Physical Courage: This is a willingness to push the limits of one’s body. This is the kind of courage that shows up in all sorts of athletics, in individual pursuits like skiing and mountain biking and motocross—places where injuries are both common and (often) significant.
Battle Fortitude: is a term that refers to one’s willingness to take grave chances with one’s life in the company of like-minded individuals. This clearly overlaps with moral courage (for example, this great talk by New Yorker writer Calvin Trillin on the Freedom Riders), but really applies to anything from football through war— meaning it pops up when one takes the “field (be it a battlefield or field of play) with “teammates.” Thus the courage required is a shared, cooperative psychological state, rather than an individual necessity.
Moral Courage: This is the courage to stand up for one’s beliefs in the face of overwhelming opposition. It’s best exemplified by the actions of Mahatma Gandhi or Rosa Parks. While it seems likely that there are examples of moral courage independent of other types, this particular subsets seems to include parts of physical and intellectual courage (see below), alongside empathetic courage (again see below).
Intellectual Courage: Obviously, this is the willingness to come out in favor of an idea that others find patently ridiculous. I think there are probably a few subset in here as there seems to be some kind of fundamental difference between, say, Galileo’s courage to argue that the earth revolves around the sun (based on scientific evidence) and the courage to defend an idea like creationism (that flies in the face of scientific evidence), but how to tease them apart further is not yet clear.

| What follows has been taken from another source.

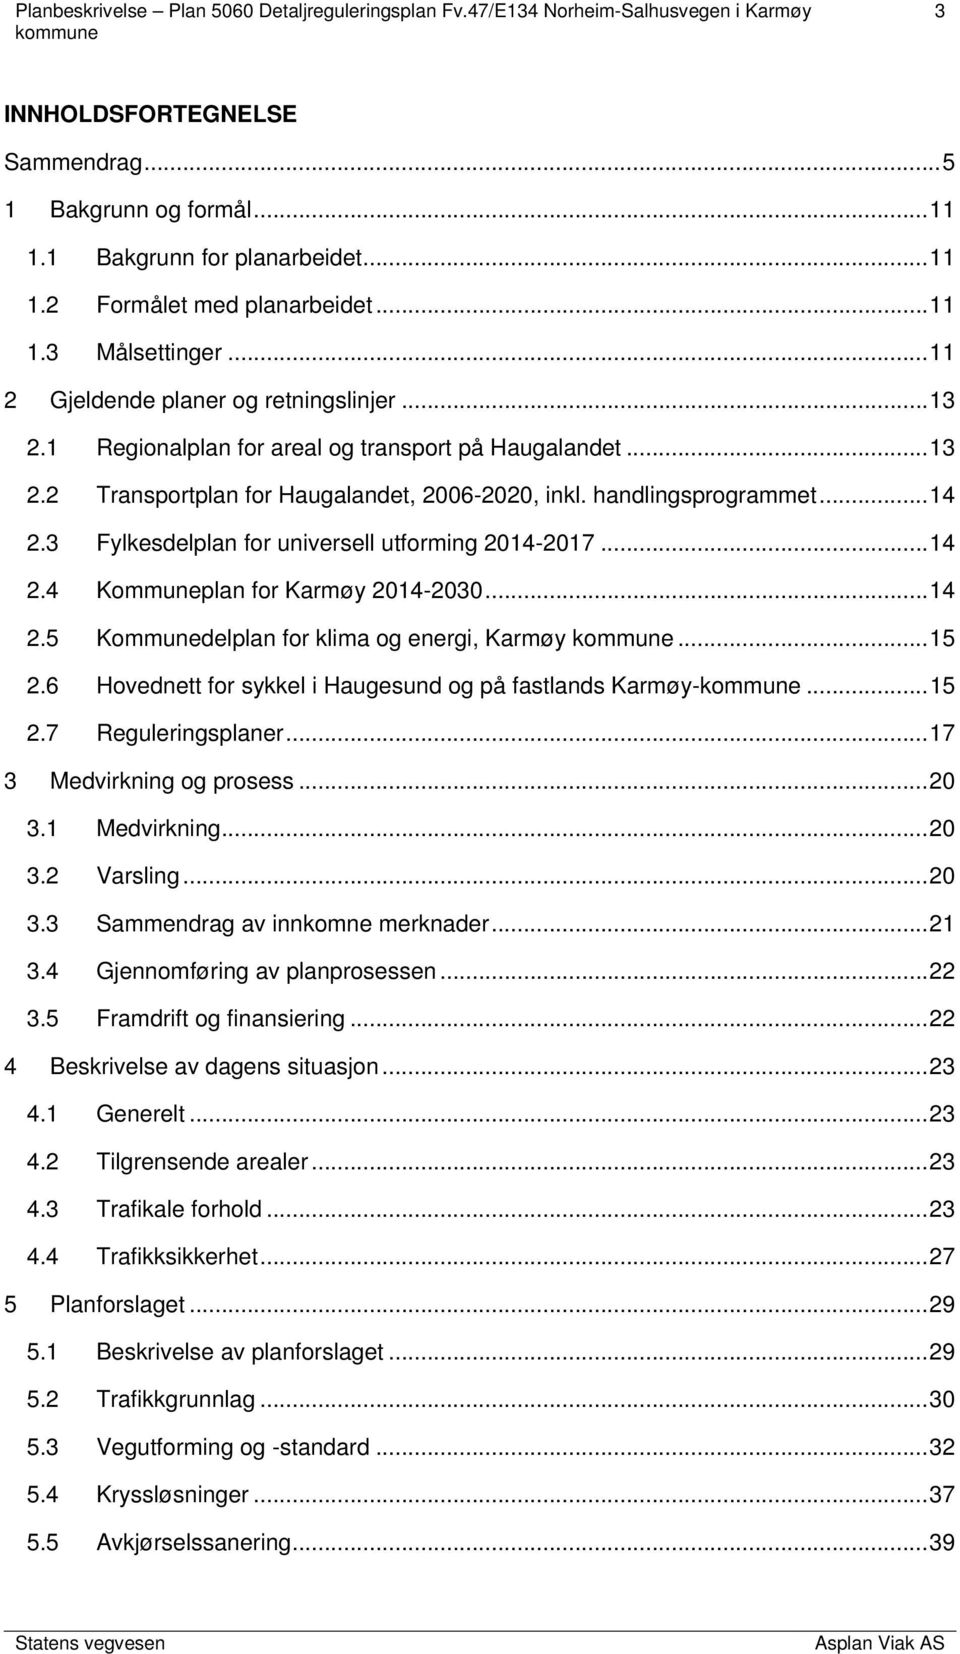 .. 14 2.4 Kommuneplan for Karmøy 2014-2030... 14 2.5 Kommunedelplan for klima og energi, Karmøy... 15 2.6 Hovednett for sykkel i Haugesund og på fastlands Karmøy-... 15 2.7 Reguleringsplaner.

Empathetic Courage: Empathetic courage is the ability to feel deeply for another being. A great example of this is the animal rescue community.
Maternal/Paternal Courage: This one may be much more natural than nurture, but when parents do things like rush into burning buildings to save their offspring, this is exactly what we’re seeing.

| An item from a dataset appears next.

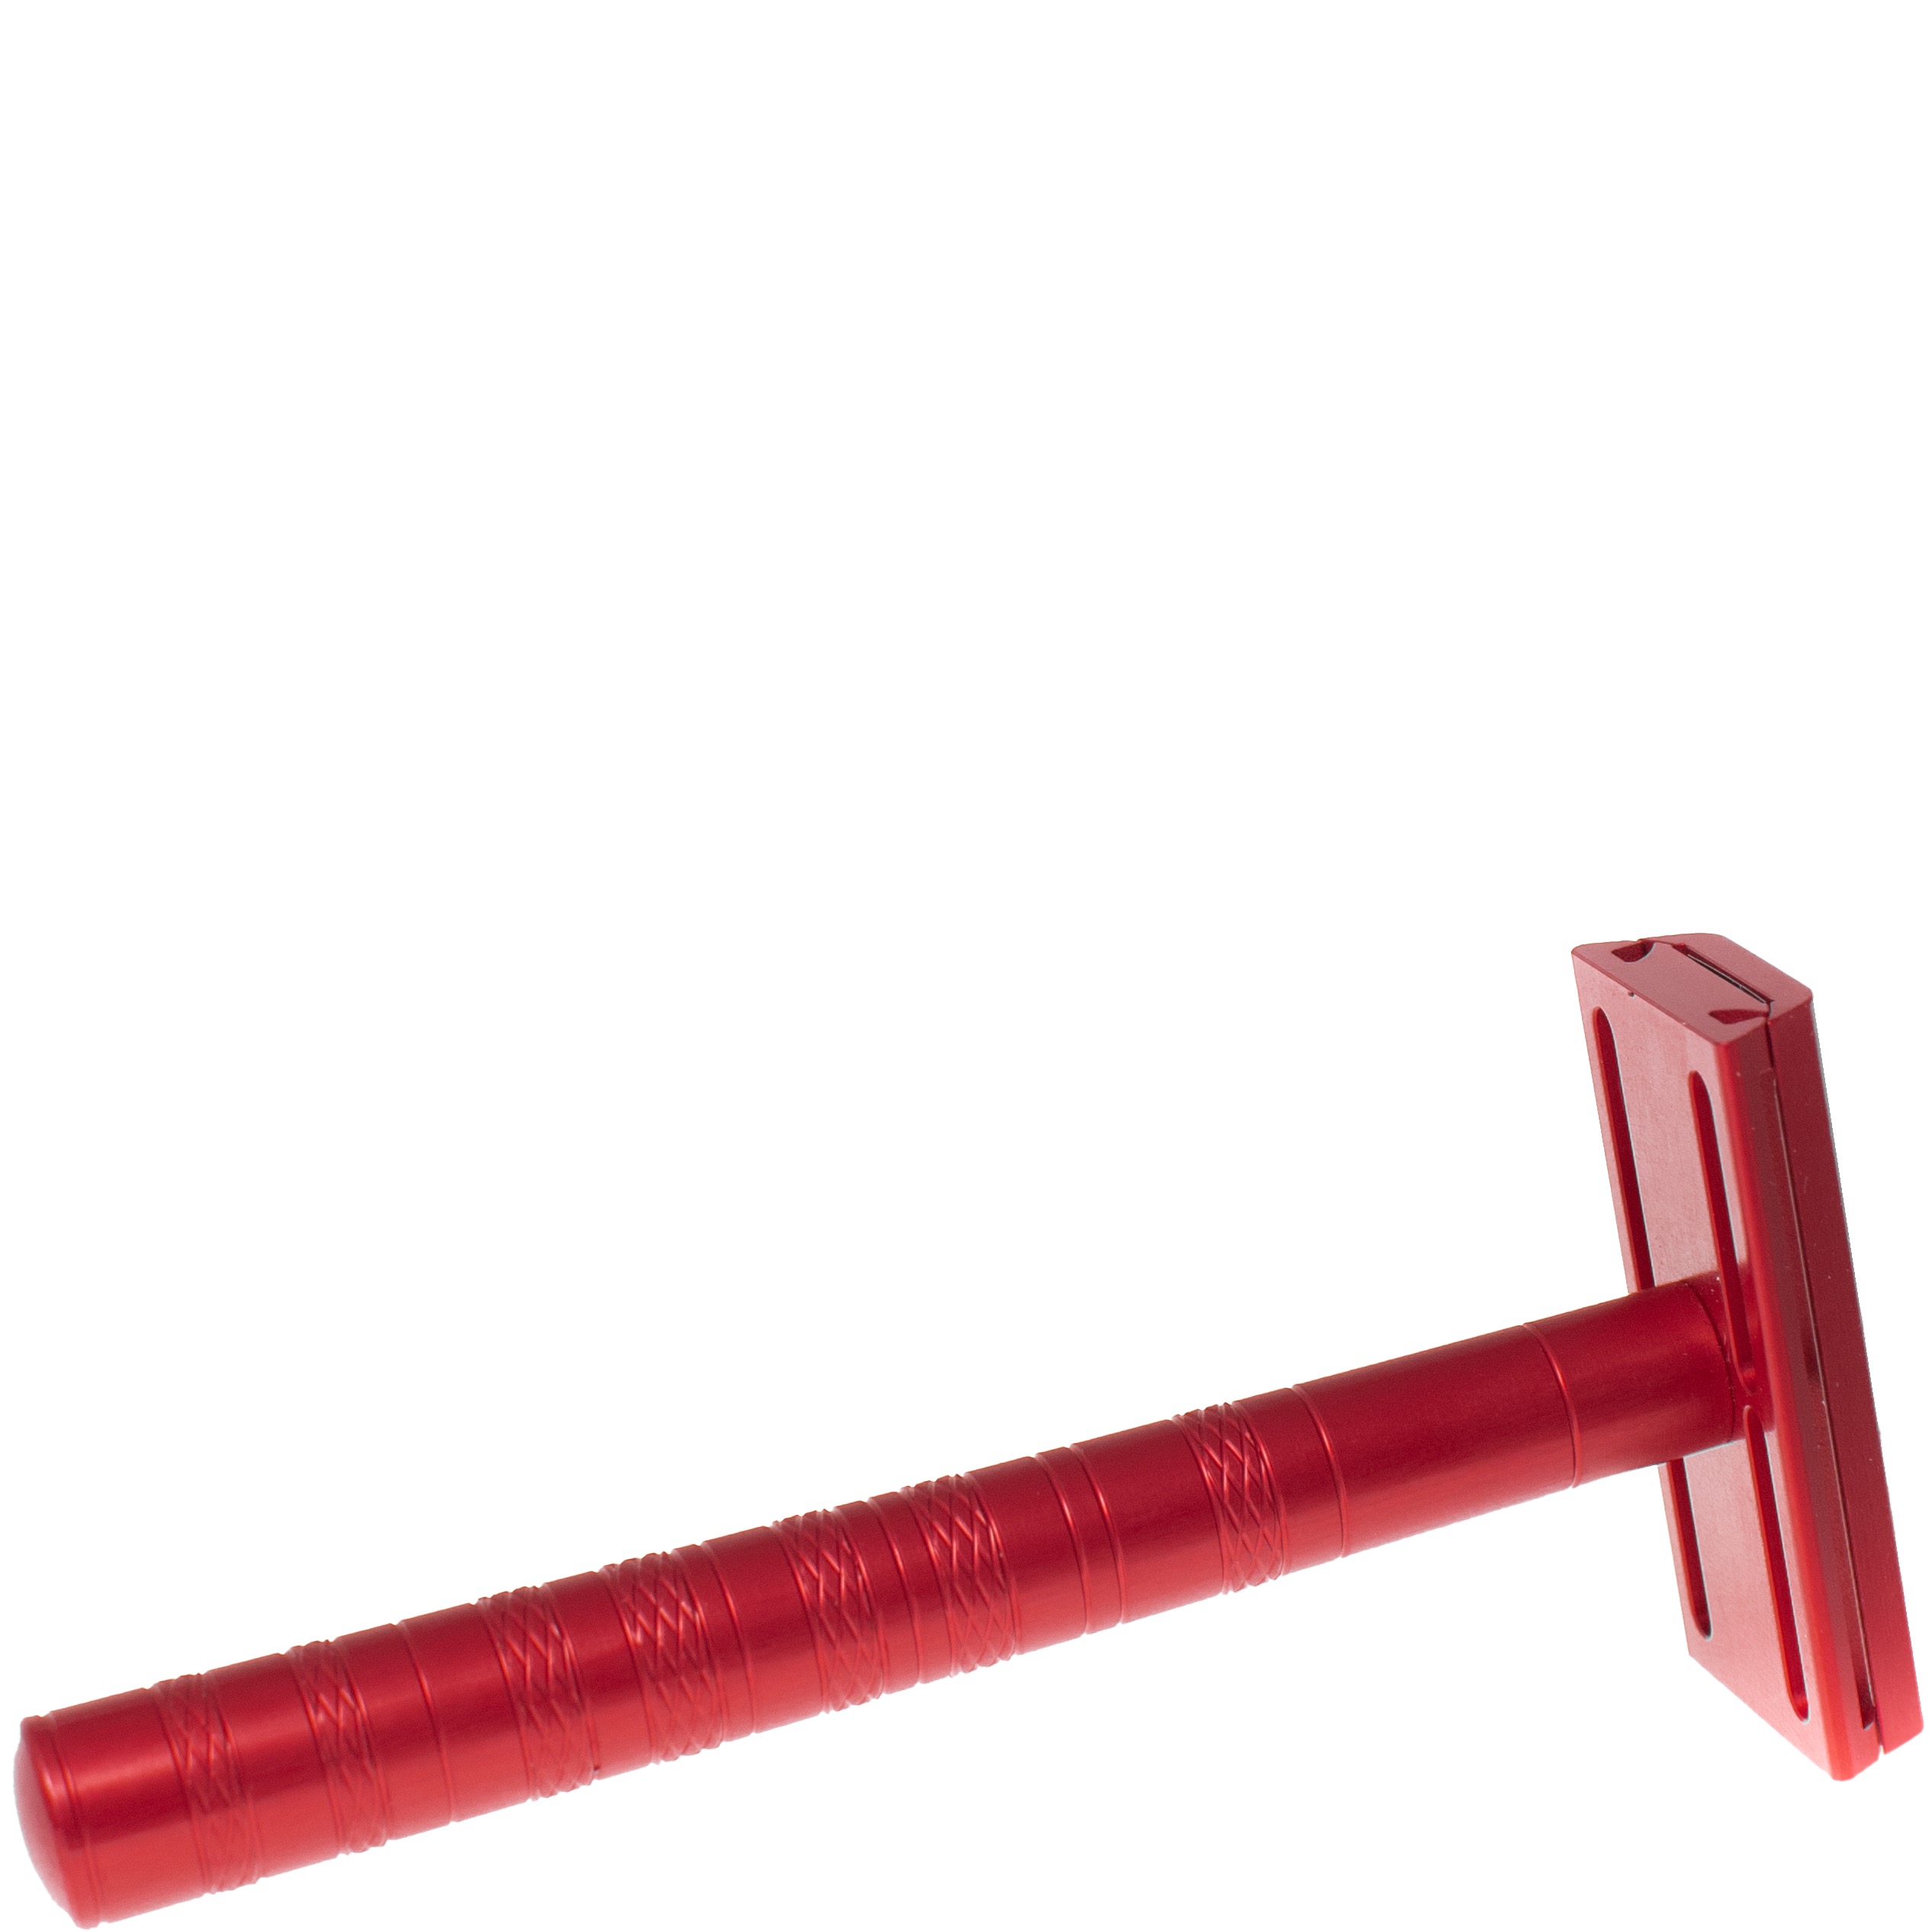 Henson Shaving Safety Razor AL13 Medium Rocket Red - 1.4 - HS-91403

Decision Making in the Face of Uncertainty: As Daniel Kahneman proved over 30 years ago, decision-making under uncertainty is not easy. In fact, in our modern world—where the proliferation of choice is both expanding exponentially and psychologically crippling, just choosing what to eat for dinner is often a very complicated decision (and one that our species really didn’t start making in earnest until this century).
Stamina: This is different than physical courage. Physical courage requires confronting catastrophic consequences (thus there’s an element of heavy uncertainty at work here), while stamina—like the fortitude to run a marathon or swim across the English Channel)—requires the ability to confront constant pain and exhaustion for a set period of time (no uncertainty, tri-athletes know the race will hurt, but they also know they’ve confronted such pain previously and can take it).

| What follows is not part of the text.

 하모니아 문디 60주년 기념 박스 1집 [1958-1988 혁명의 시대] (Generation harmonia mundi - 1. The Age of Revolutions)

Emotional Courage: This is a willingness to do something like get divorced or break up with your boyfriend and the like, where one knows that you will feel emotionally wretched for a considerable period of time afterward, yet you’re still willing to suffer those consequences for a greater emotional (ie. chance at happiness) pay-off later.
Tactical Courage: This is a willingness to put the lives of others at risk—like what happens when a general sends an army into battle or the CIA sends a spy into hostile territory.
Intoxication: A lot of folks would be hesitant to include this category here (believing intoxication a kind of false courage), but based on Ronald Siegel's work at UCLA, intoxication is one of the oldest forms of bravery amplification known to man and one of the most frequent forms to surface in society.
Fiscal Courage: The willingness to risk one’s money, either in the stock market or the poker table or in start-up companies the world over. Since money is nothing beyond a stand- in for all things survival, this form of courage deserves its own category.